Eskişehir Büyükşehir Belediyesi, Tepebaşı Belediyesi, Odunpazarı Belediyesi ve İnşaat Mühendisleri Odası arasında yapılan bir protokolle, Eskişehir’deki yapı stokuna ilişkin envanterin çıkarılmasına karar verilerek beklenen ilk girişim gerçekleştirilmiş oldu.
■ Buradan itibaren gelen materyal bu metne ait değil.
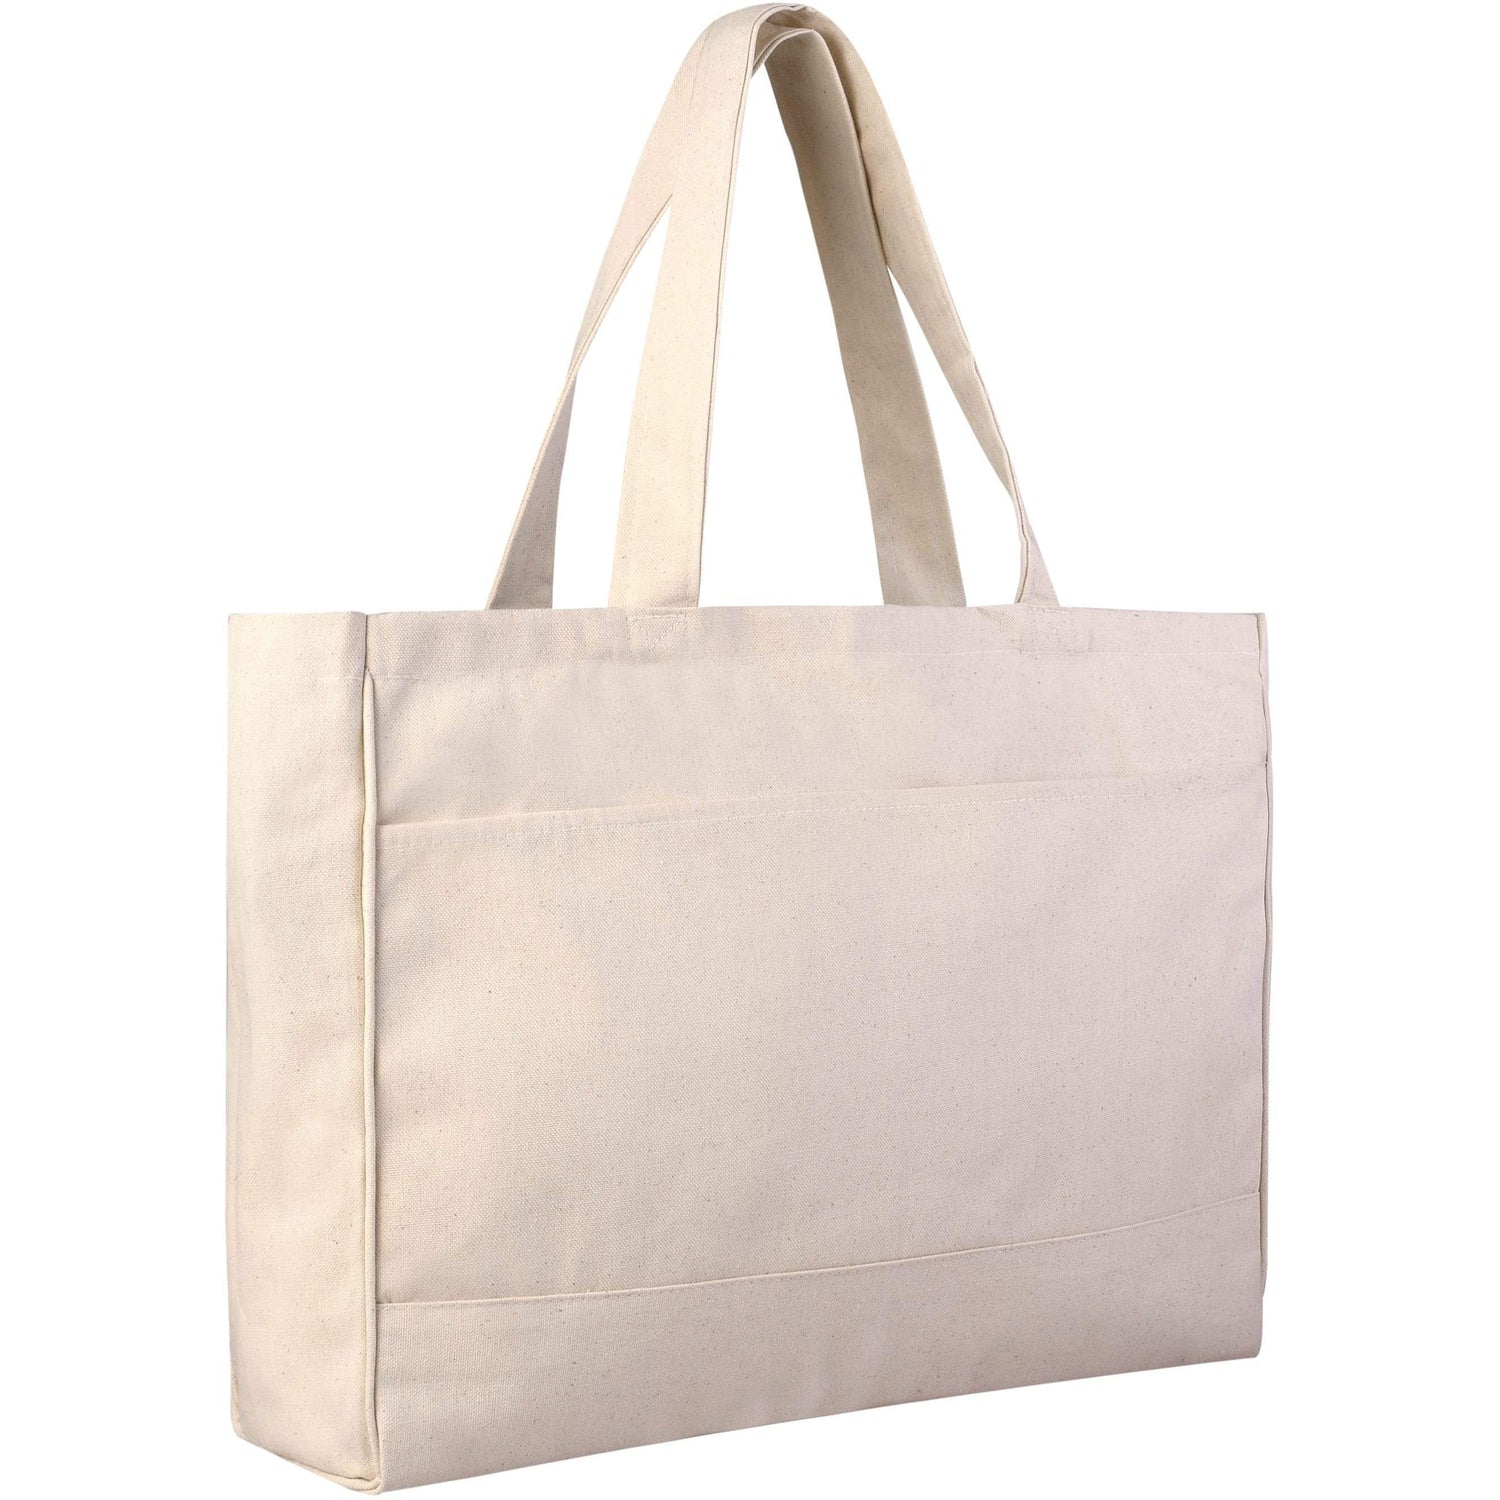 Canvas Tote Bags Wholesale, Large Canvas Tote Bag with Zipper Pocket â BagzDepotâ¢

Bundan sonraki süreçte riskli görülen binalar incelenecek, yıkılması gereken binalarda oturanların evlerini boşaltmaları tavsiye edilecek. Bu noktada finansman sıkıntısı baş gösterecek. Hükümet bu sorunu nasıl çözecek? Şu an için çözüm konusunda bir görüş bulunmuyor.

*

Bir başka konumuz ise Eskişehir’deki afet riskli alanlara ilişkin. Bildiğiniz üzere bu konuda adım atan kurum Eskişehir Büyükşehir Belediyesi. Fakat 2012’den beri 8 mahalleyi kapsayan afet riskli alanların dönüşümünde herhangi gelişme yaşanmadı. Başkan Yılmaz Büyükerşen türlü girişimlerine rağmen bakanlığın her seferinde engel çıkardığını kaydederek, işin siyasal boyutunun olabileceğine dikkat çekti.

*

Yılmaz Büyükerşen’in açıklamasından sonra Çevre Şehircilik ve İklim Değişikliği Müdürü Hikmet Çelik’in kamuoyuna servis ettiği beyanatlar, aslında Büyükerşen’i doğrular nitelikte. Çelik’in açıklaması ciddi şekilde incelendiğinde, devletin objektif bir bürokratı gibi değil de iktidar partisinin il başkanı gibi bir açıklama yaptığı ortaya çıkıyor. Konuya ilişkin bilgi vermekten ziyade, belediye ve Büyükerşen’e karşı ciddi suçlamalar yönlendirildiği açıkça görülüyor. Burada amaçlananın, vatandaşın gerçek bilgiyi edinmesini engellemek ve işi siyasallaştırarak taraftarları konsolide etmek olduğu düşünülüyor. Yani ortada tam manasıyla bir algı yönetimi amaçlanıyor!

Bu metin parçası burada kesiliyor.